Unsere digitale Gegenwart kennt kaum noch Grenzen. Mit einem Mausklick bewegen wir uns virtuell in anderen Ländern, Zeitzonen und Kulturen – via Skype nehmen wir visuell am Leben anderer teil und können heute an zwei Orten gleich­zeitig sein. Der Kommu­ni­ka­ti­ons­theo­re­tiker Marshall McLuhan hat schon frühzeitig einen Begriff für diese Entwick­lung gefunden – das Global Village. Die tatsäch­li­chen Distanzen werden erst wieder spürbar, wenn außer­eu­ro­päi­sche Gesell­schaften mit kultu­rellen und ästhe­ti­schen Geltungs­be­dürf­nissen aufwarten, die von westli­chen Vorstel­lungen abweichen. Die Konturen der Moderne im westli­chen Sinne scheinen sich aufzulösen.

Durch die kultu­rellen Wechsel­wir­kungen in diesem Global Village stellen sich neue Fragen an die Moderne, die auch ihre Aktua­lität in ihrem westli­chen Ursprungs­kon­text betreffen. Im 21. Jahrhun­dert hat der Plura­lismus nicht nur die Kunst erfasst, sondern auch Gesell­schafts­formen, Lebens­stile und Glaubens­rich­tungen. Sind die Ideen der Moderne vor diesem Hinter­grund tatsäch­lich überholt? Was ist aus dem unerschüt­ter­li­chen Fortschritts­glauben, der Faszi­na­tion für Wissen­schaft und Technik, dem kultu­rellen Reform­willen und den formalen Innova­tionen und Perspek­tiv­wech­seln in der bildenden Kunst geworden? Was für die Wissen­schaft der Forschungs­er­folg war, dem entsprach in der Kunst der Klassi­schen Moderne im 20. Jahrhun­dert die ästhe­ti­sche Revolu­tion. Die Abstrak­tion verdrängte die Figura­tion und führte bis hin zur Befreiung der Form vom Gegen­stand und der Farbe von der Form.

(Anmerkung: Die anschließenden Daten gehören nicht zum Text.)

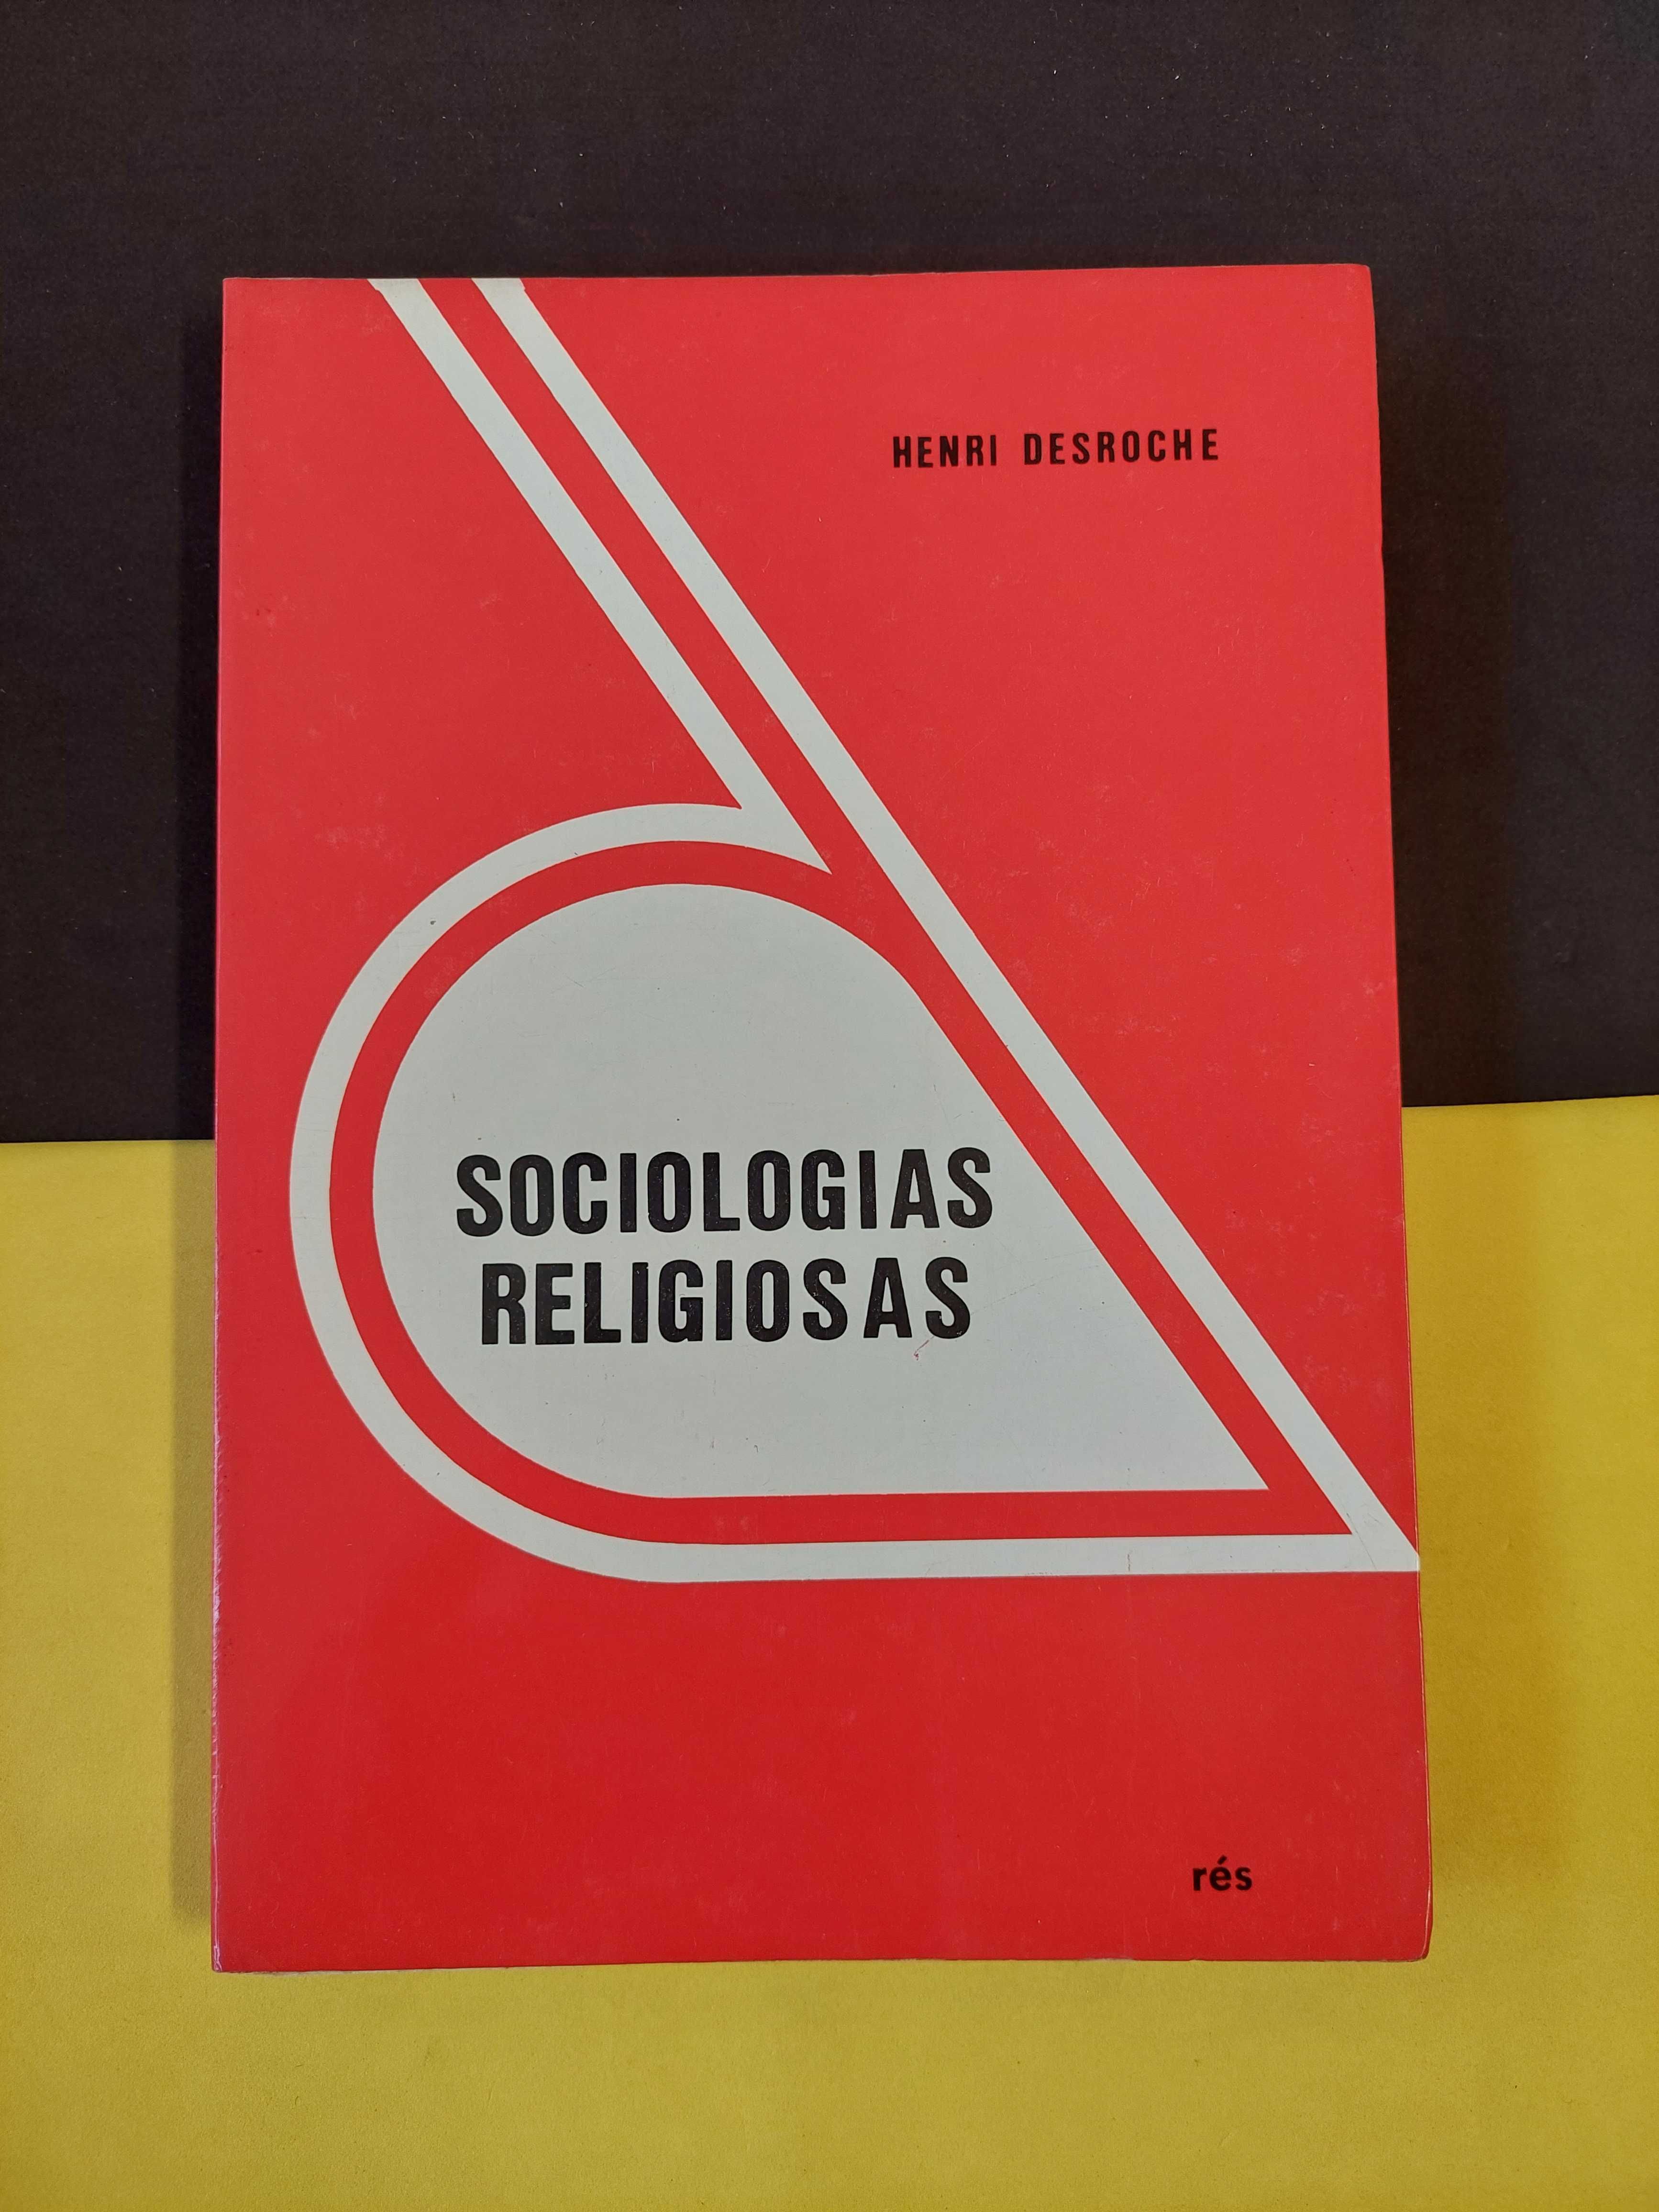 Henri Desroche - Sociologias religiosas
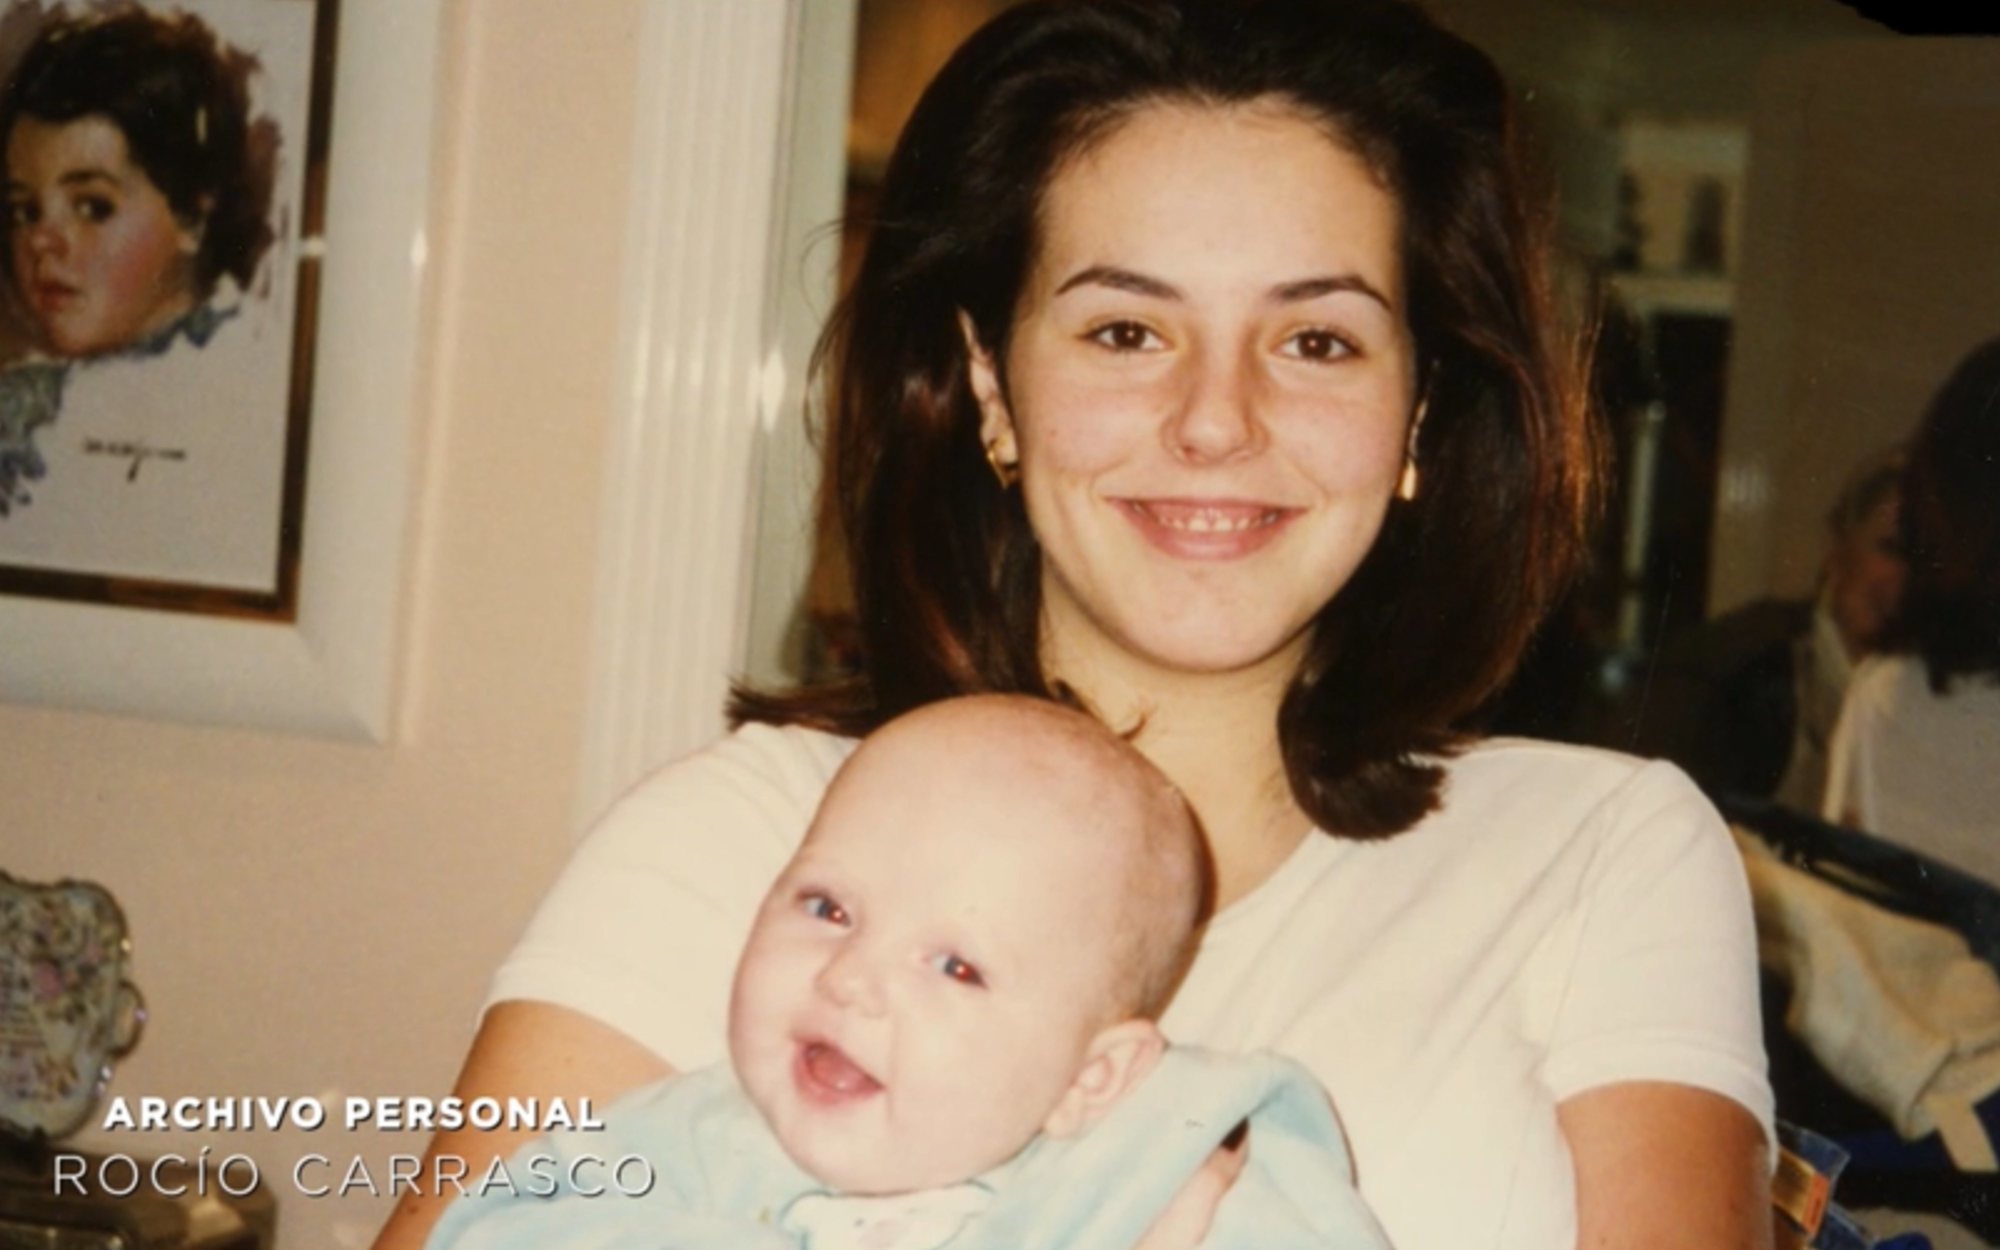 La emoción de Rocío Carrasco al hablar de su primer embarazo y la infancia de Rocío Flores: "Estaba pletórica"

Waren in der Postmo­derne noch Abgren­zungs­ver­suche zu diesen Neuerungen spürbar, verhan­deln Künstler der zweiten Hälfte des 20. und im 21. Jahrhun­derts Kunst­rich­tungen der Moderne wie beispiels­weise den Kubismus (z. B. Jan Dibbets), den Konstruk­ti­vismus (z. B. Tony Cragg), den Surrea­lismus (z. B. Neo Rauch) oder die Farbfeld­ma­lerei (z. B. Joseph Marioni, James Turrell) neu. Die Affinität zur Wissen­schaft und Technik spiegelt sich indessen zum Beispiel im Künst­le­r­in­ge­nieur (z. B. Panama­renko, Nam June Paik, Julius Popp) oder in der Insze­nie­rung von Natur­phä­no­menen (z. B. Olafur Eliasson). Die Ausstel­lung fasst derartige Verwandt­schaften und Wahlver­wandt­schaften zusammen.

Mit diesem Ausstel­lungs­kon­zept schließt das Kunst­mu­seum Wolfsburg an seine in der Museums­welt vermut­lich einmalige, wissen­schaft­liche und ebenso sinnliche Forschungs­reise an, auf der es sich mit seinem Programm seit  2006 befindet: die Suche nach der Moderne im 21. Jahrhun­dert. Vor allem für die thema­ti­schen Ausstel­lungen wie „Die Kunst der Entschleu­ni­gung”, „Kunst & Textil”  oder „Interieur/Exterieur” ist diese Frage stets der Ausgangs­punkt aller Untersuchungen.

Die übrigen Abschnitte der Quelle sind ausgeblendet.